Diretores transformam quarentena em tema de filme de terror

Longa 'Antologia da pandemia' reúne 13 curtas que traduzem a experiência do isolamento social na linguagem do terror

Fred Gandra* 13/08/2020 04:00
Fotos: Fantaspoa/Divulgação
Mancha na parede trata das paranoias acentuadas pelo isolamento social, segundo seu diretor (foto: Fotos: Fantaspoa/Divulgação)
Um gato que faz pacto com o demônio, uma mancha que ganha vida e mensagens estranhas recebidas durante a quarentena. Essas são algumas das histórias presentes no longa-metragem Antologia da pandemia, lançado neste mês nas plataformas digitais (iTunes, Google Play, Youtube Filmes, Vivo Play, Now e Looke). 

O filme é composto por 13 curtas-metragens de terror, todos produzidos durante o período de isolamento social em decorrência da pandemia do novo coronavírus. Os trabalhos são dirigidos por cineastas do Brasil, Argentina, Uruguai, Estados Unidos, Reino Unido e Chipre. A distribuição é da brasileira O2 Play.

“É uma forma de refletir sobre essa época que estamos vivendo”, afirma Beatriz Saldanha, de 34 anos, que fez sua estreia na direção com Jérôme: Um conto de Natal.

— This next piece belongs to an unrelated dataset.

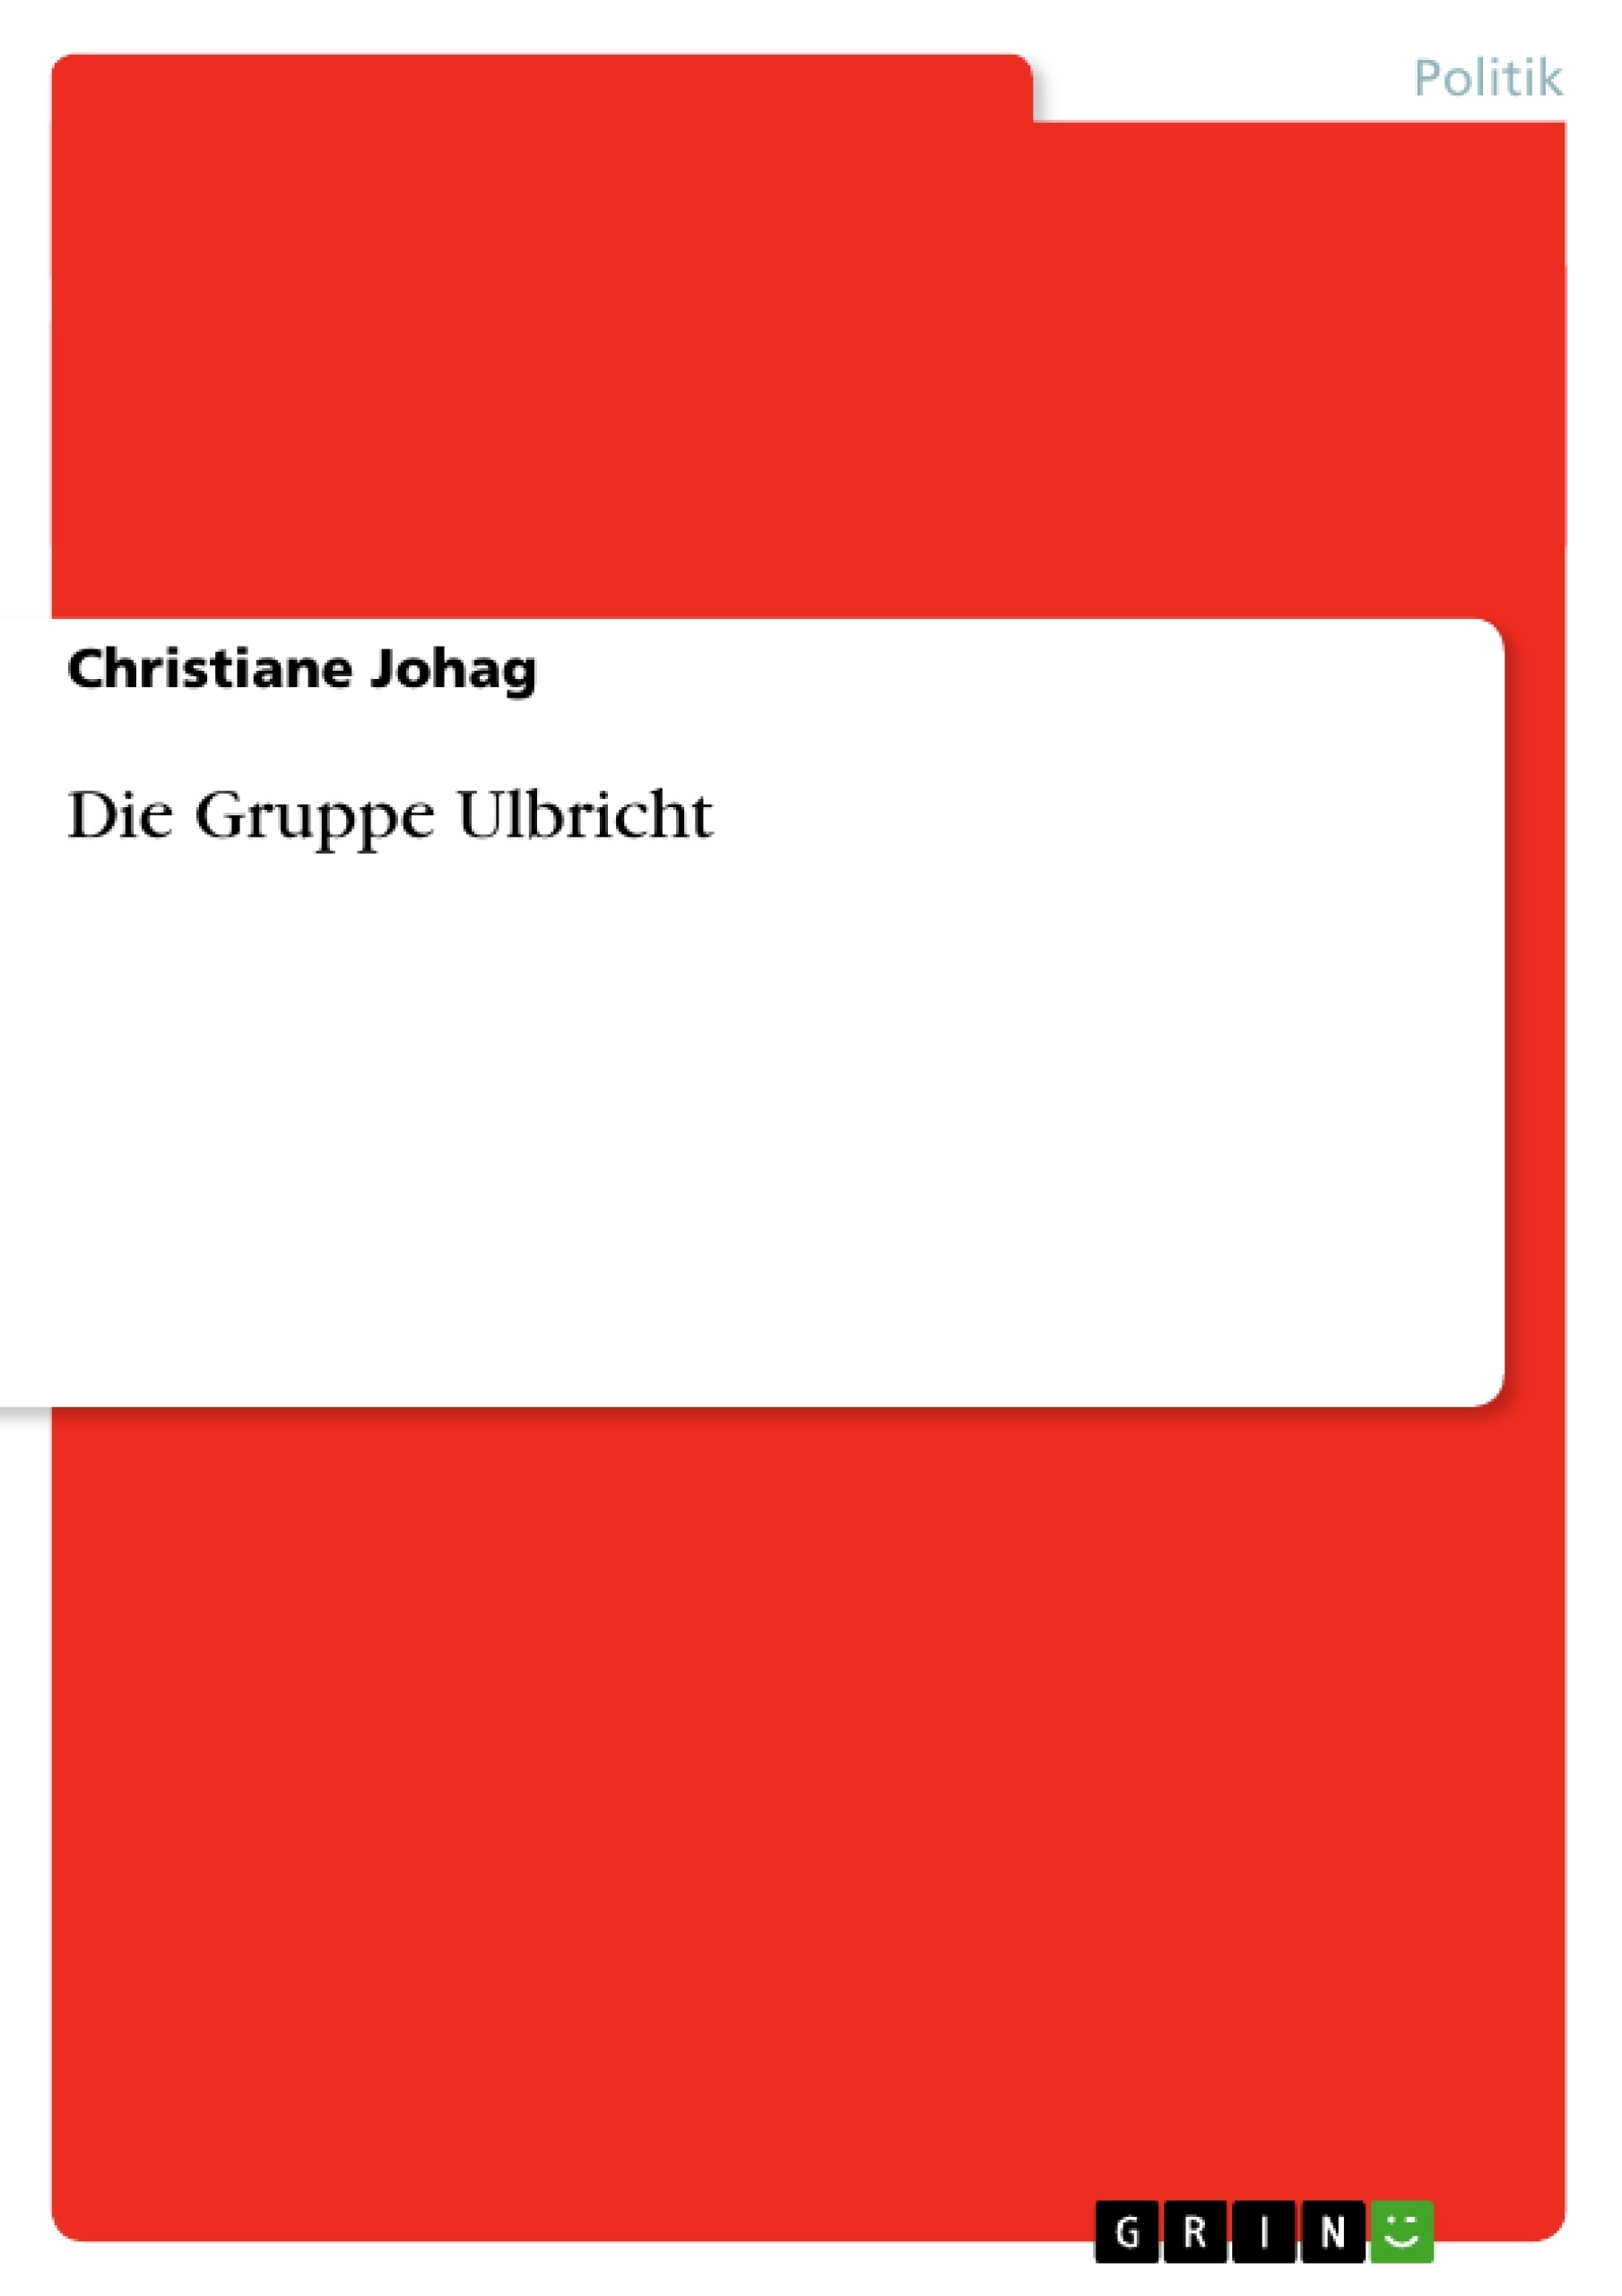 Título: Die Gruppe Ulbricht

O curta tem como protagonista um gato que faz um pacto com o demônio para conseguir sobreviver, abandonado no apartamento, desde que seu tutor morreu. “É como se ele tivesse uma ceia de Natal, mas, na verdade, quem ofereceu essa refeição foi o diabo”, diz a diretora. 

Segundo ela, o contexto atual colaborou para a construção da história. “Já é um filme de terror pronto praticamente (risos)”, comenta. Como nunca havia atuado antes, Beatriz preferiu não se arriscar na frente das câmeras e optou por “escalar” o gatinho Jérôme.

“Quando você atua sem ser uma atriz, você intensifica essa coisa do amadorismo. Não gosto disso.” Beatriz fez as gravações com celular, em seu apartamento. Mas ela diz que o maior desafio foi conduzir o bichano nas gravações. “Foi basicamente à custa de petisco mesmo”, conta.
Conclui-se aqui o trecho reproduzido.